Exercise details:
Below are some records. Print exactly the lines between the one holding "Argentina , 2020-2022- Suffix" and the one holding "Daanyal | Whatsapp", inclusive, and nothing else.

Data provided:
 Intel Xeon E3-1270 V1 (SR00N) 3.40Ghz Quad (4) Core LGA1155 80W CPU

--

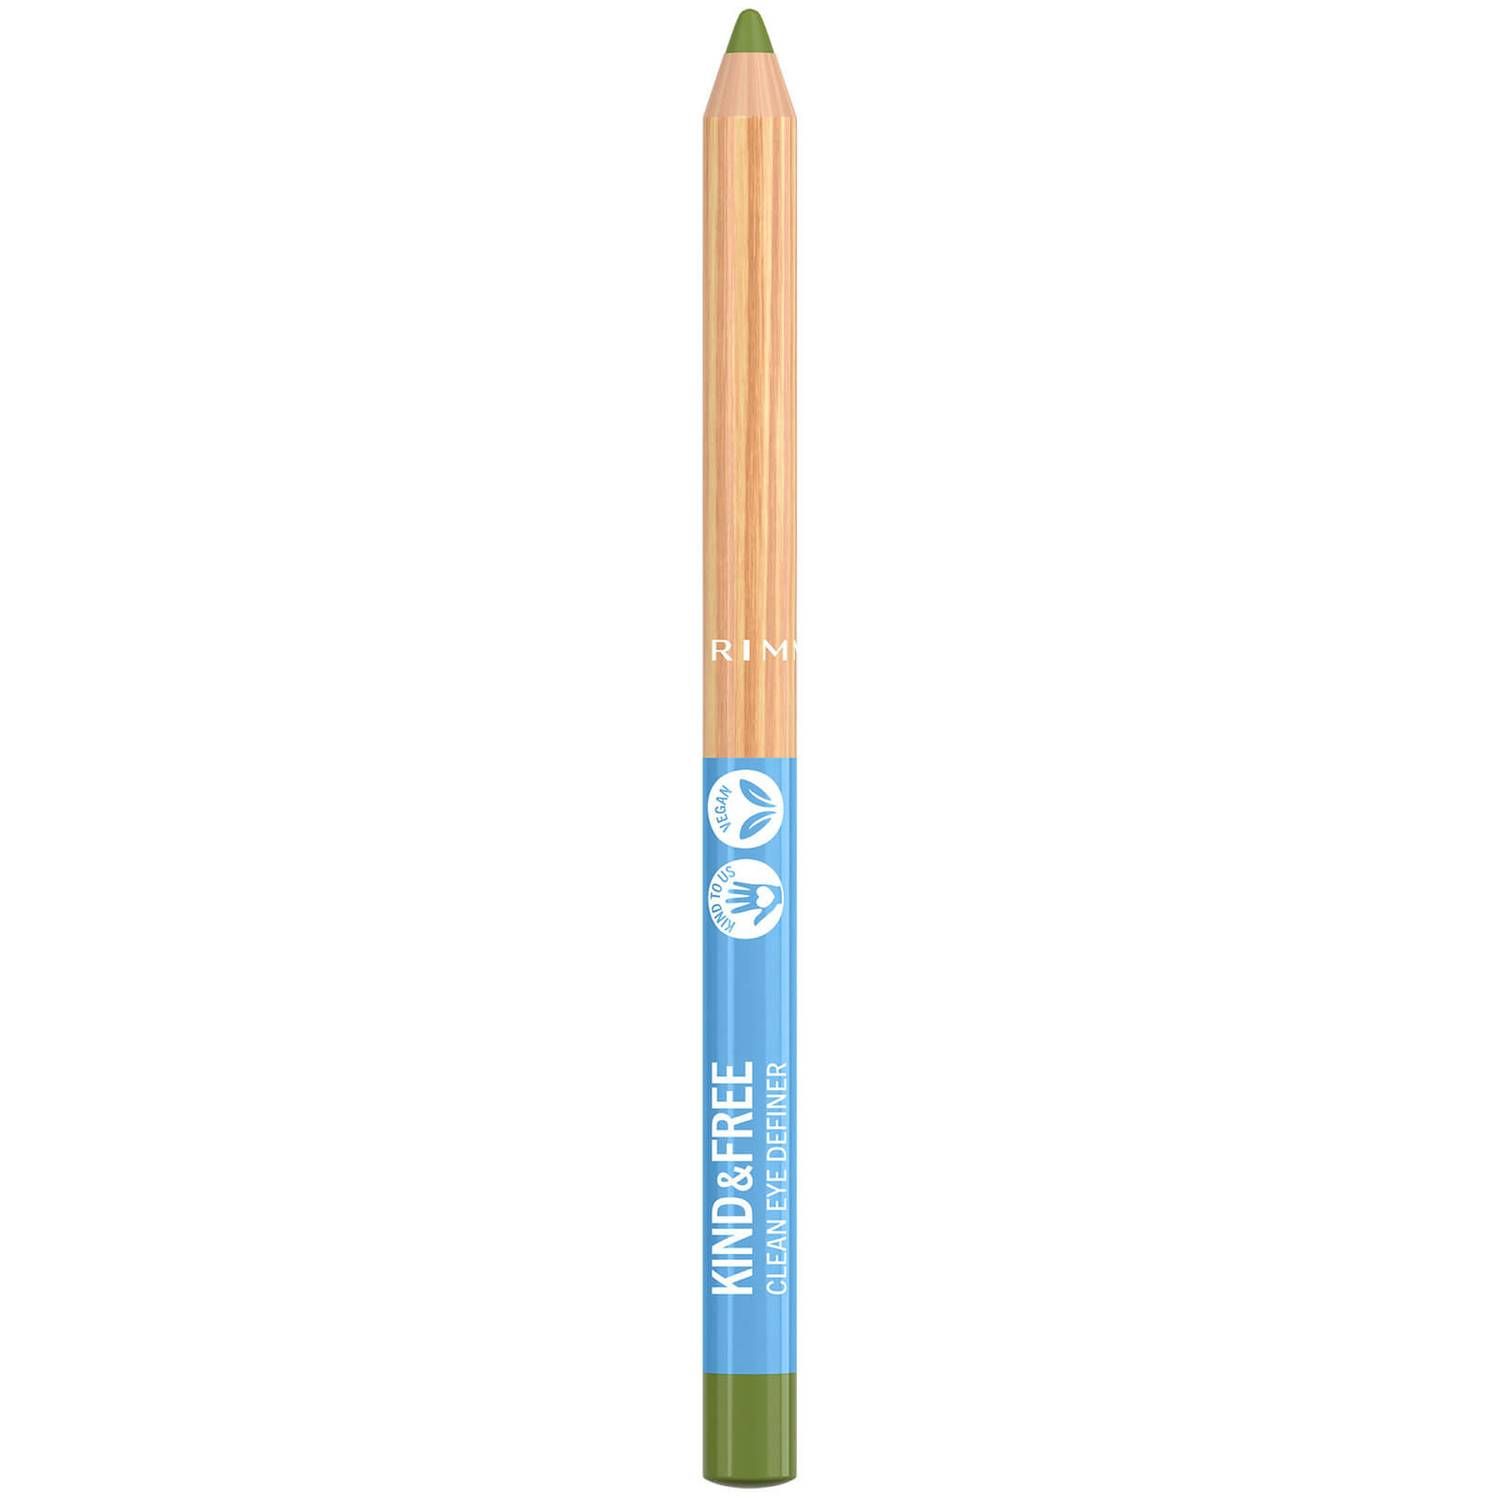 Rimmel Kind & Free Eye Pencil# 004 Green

==

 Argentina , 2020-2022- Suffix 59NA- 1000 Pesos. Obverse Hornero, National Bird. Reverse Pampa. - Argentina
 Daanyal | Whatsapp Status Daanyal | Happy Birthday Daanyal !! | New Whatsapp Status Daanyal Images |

Exercise output:
 Argentina , 2020-2022- Suffix 59NA- 1000 Pesos. Obverse Hornero, National Bird. Reverse Pampa. - Argentina
 Daanyal | Whatsapp Status Daanyal | Happy Birthday Daanyal !! | New Whatsapp Status Daanyal Images |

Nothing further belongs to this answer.